You have spent almost half a semester immersing yourself in thinking about good data practice. You may not think you have, but I guarantee that you now have a strict aversion to many data practices that you might have walked into the room with. You know, for example, that you will always endeavor to have your data in a long or wide format, with complete columns, reasonable NA values, and strong data validation. One value per cell! And so many more principles.
Your past self and, frankly, many of your collaborators, are not at this level of transcendence. However, they are fabulous scientists producing juicy data.
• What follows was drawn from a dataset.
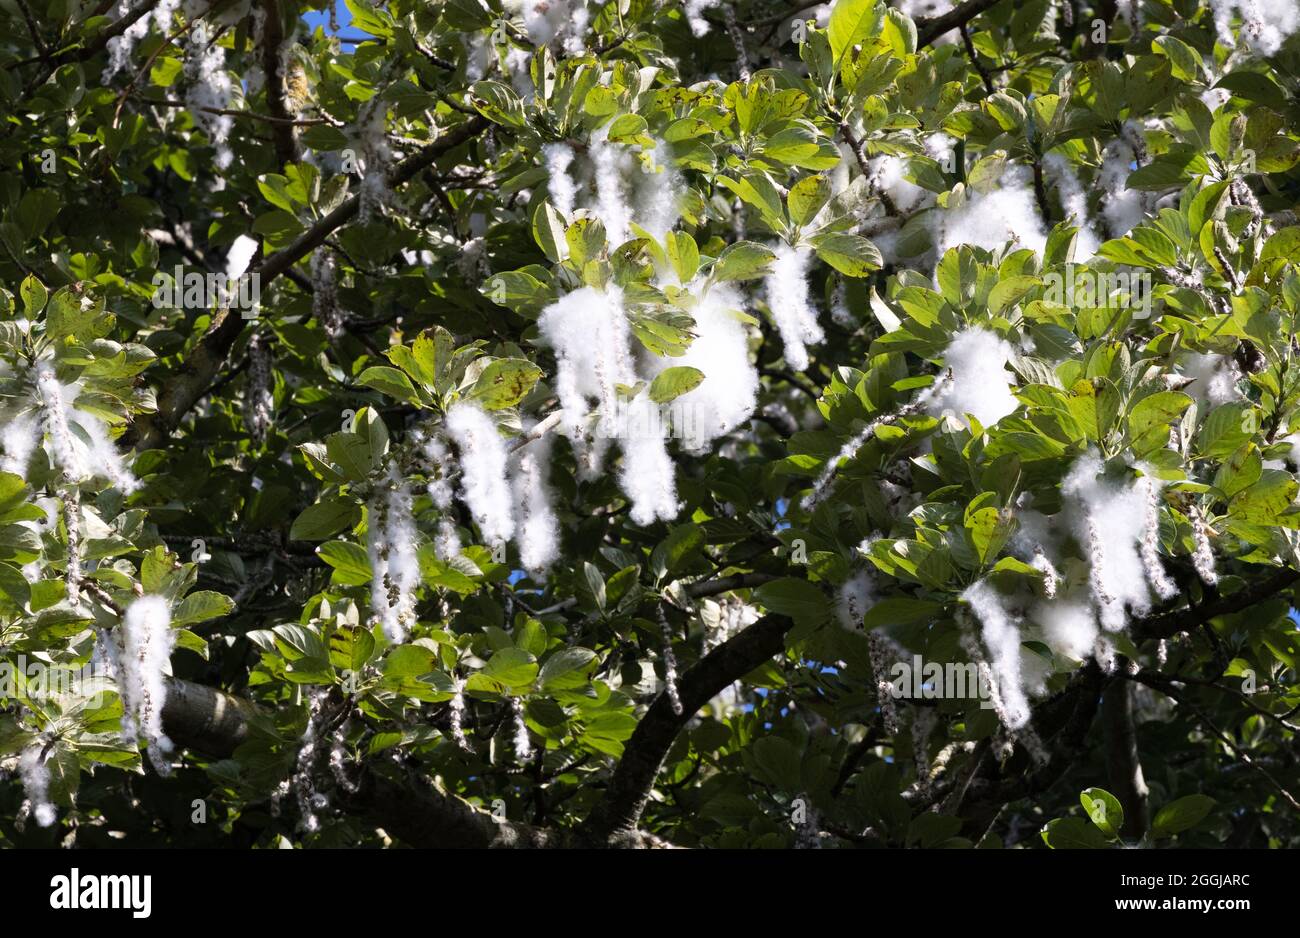 The Japanese Poplar tree, Populus maximowiczii , a deciduous tree with fluffy catkins fruits in august, seen here in this tree growing in Edinburgh. Stock Photo

Today, we’re going to look at a data set that looks not unlike something you might have produced in the past and walk through the steps of how to make it into something we can analyze!
The data
The data we’re going to work with is from the McCusker lab. It’s a beautiful piece of work looking at limb regeneration in Axoltls. These amphibians have incredible limb regeneration abilities. In essence, the idea of this experiment was to see if with some application of different compounds, different kinds of limb regrowth could be stimulated.
Based on where the limb was injured and whether a particular compound was applied, the researchers saw very different results of the types of limbs being formed. We want to take their data and recreate some of their iconic plots.
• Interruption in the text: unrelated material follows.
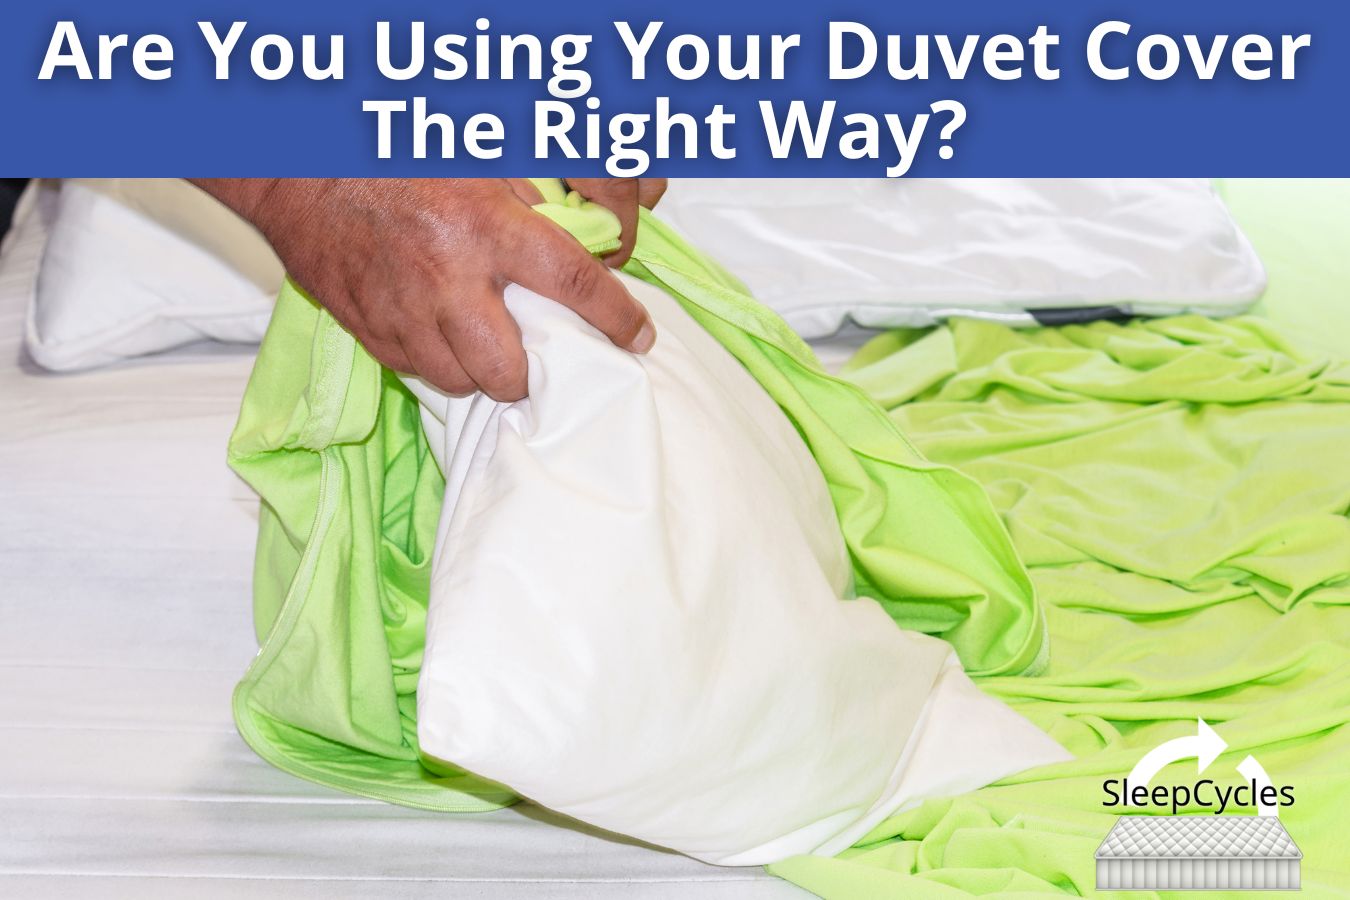 Are You Using Your Duvet Cover The Right Way

There’s just one problem. The dataset is not in an easy to use format. You can download the data and take a look. There are a lot of issues - although this is perfectly good if you are only working within excel.
How do we attack datasets like this?
The first question you might have is, what do I do?! Relax. Take a breath. Look at the dataset. Note any common features. Note anything that delimits sections. What needs to be modified in this data?
Let’s break the process down into steps.
- What are the columns?
- Do we need to standardize column names or otherwise?
- Are there extra rows/values that can be eliminated?
- Do we need to fill in any missing data?
- Reshape and plot!
The Columns
Let’s begin by loading in the data, as well as loading up the tidyverse.
library(tidyverse)
library(readxl)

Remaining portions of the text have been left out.